| Activity |
With the pictures left out, print exactly the lines below that run from the one containing "Confira quais jogos" through the one containing "Пример написания шрифтом".

| Given data |
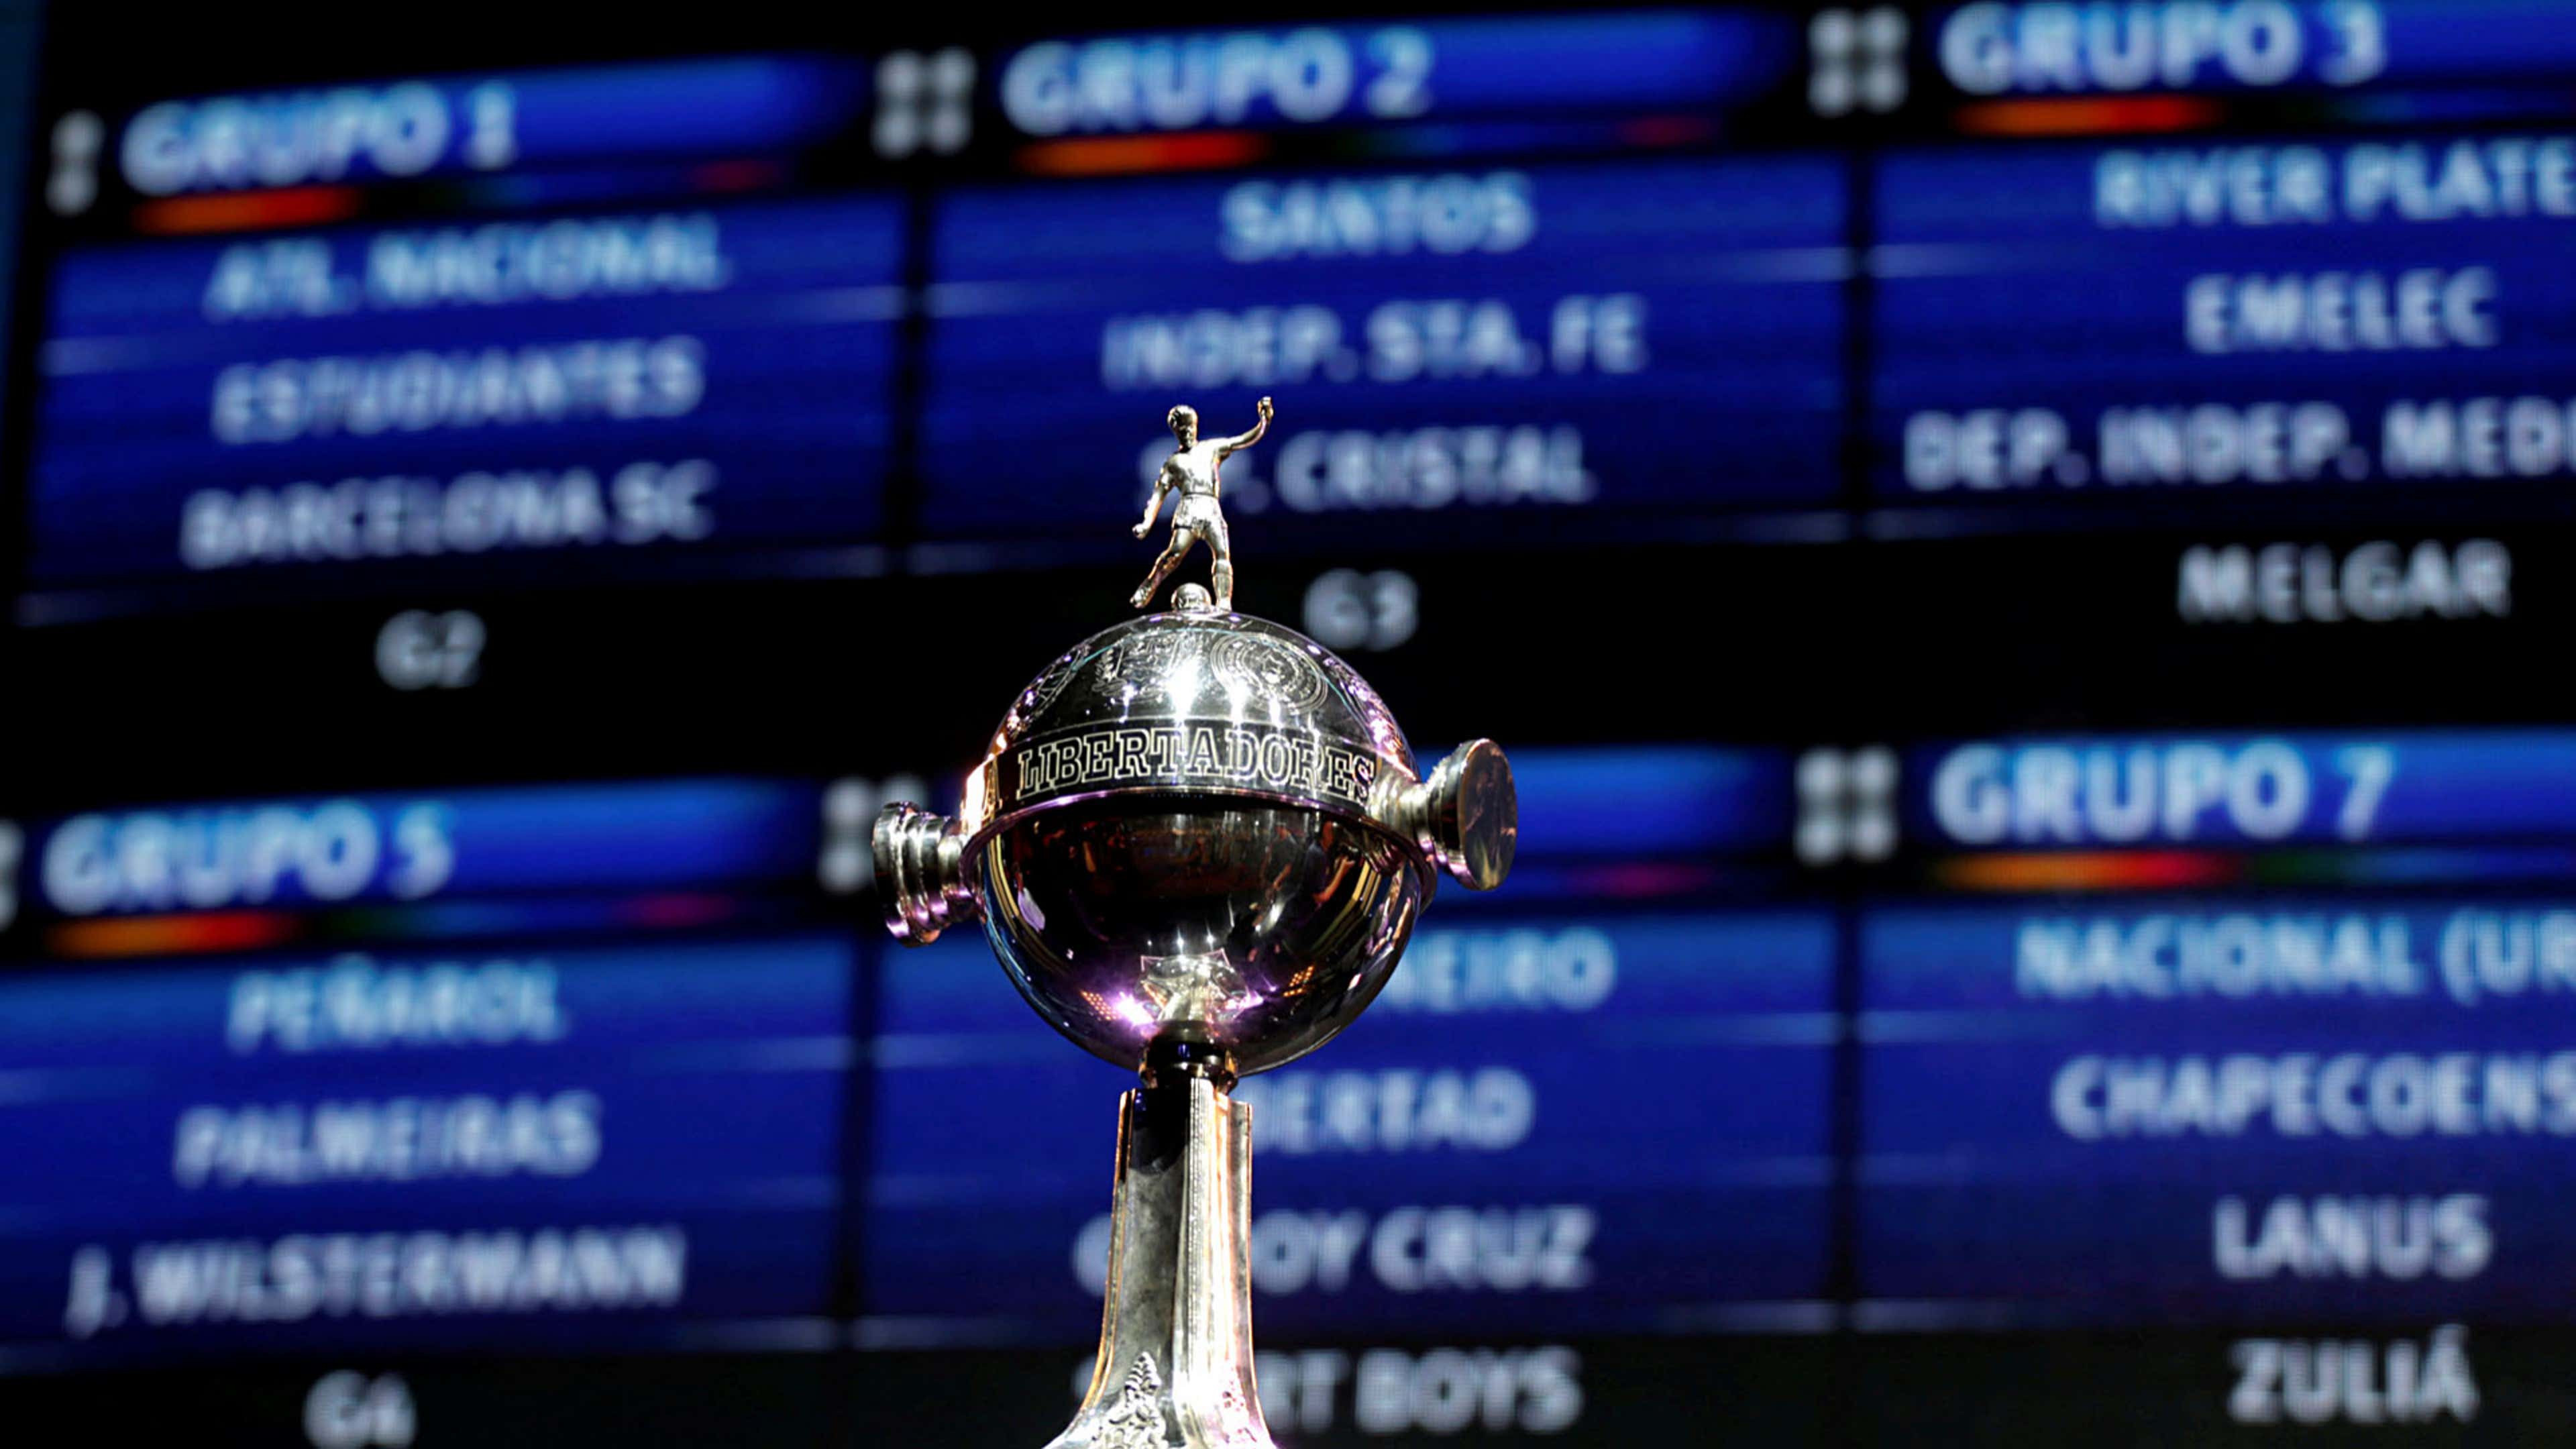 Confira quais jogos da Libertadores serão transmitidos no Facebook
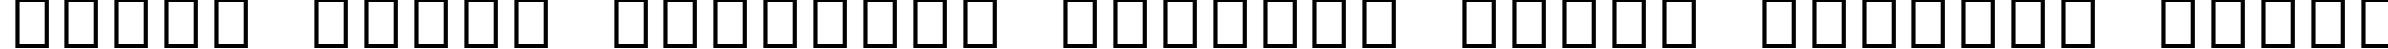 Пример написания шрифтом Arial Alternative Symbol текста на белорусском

--

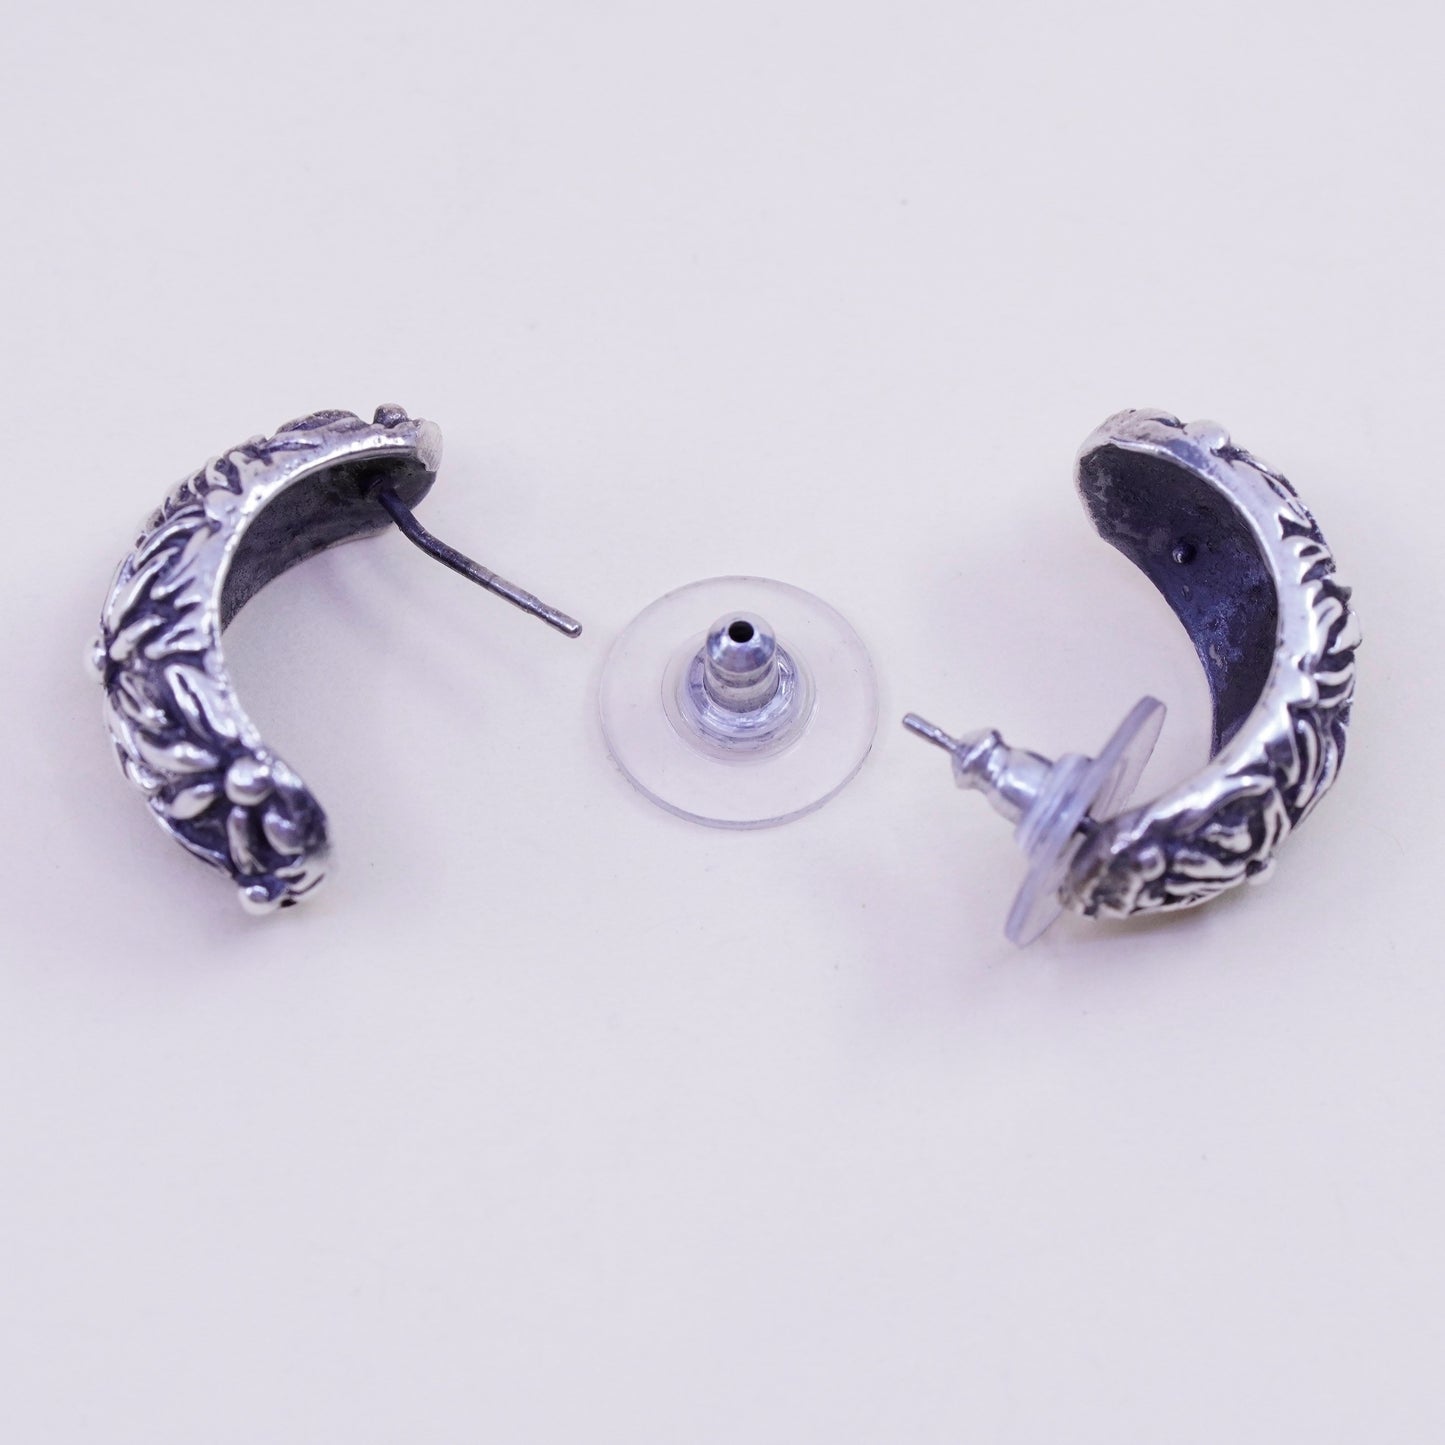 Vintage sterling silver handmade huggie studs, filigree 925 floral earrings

| Task output |
 Confira quais jogos da Libertadores serão transmitidos no Facebook
 Пример написания шрифтом Arial Alternative Symbol текста на белорусском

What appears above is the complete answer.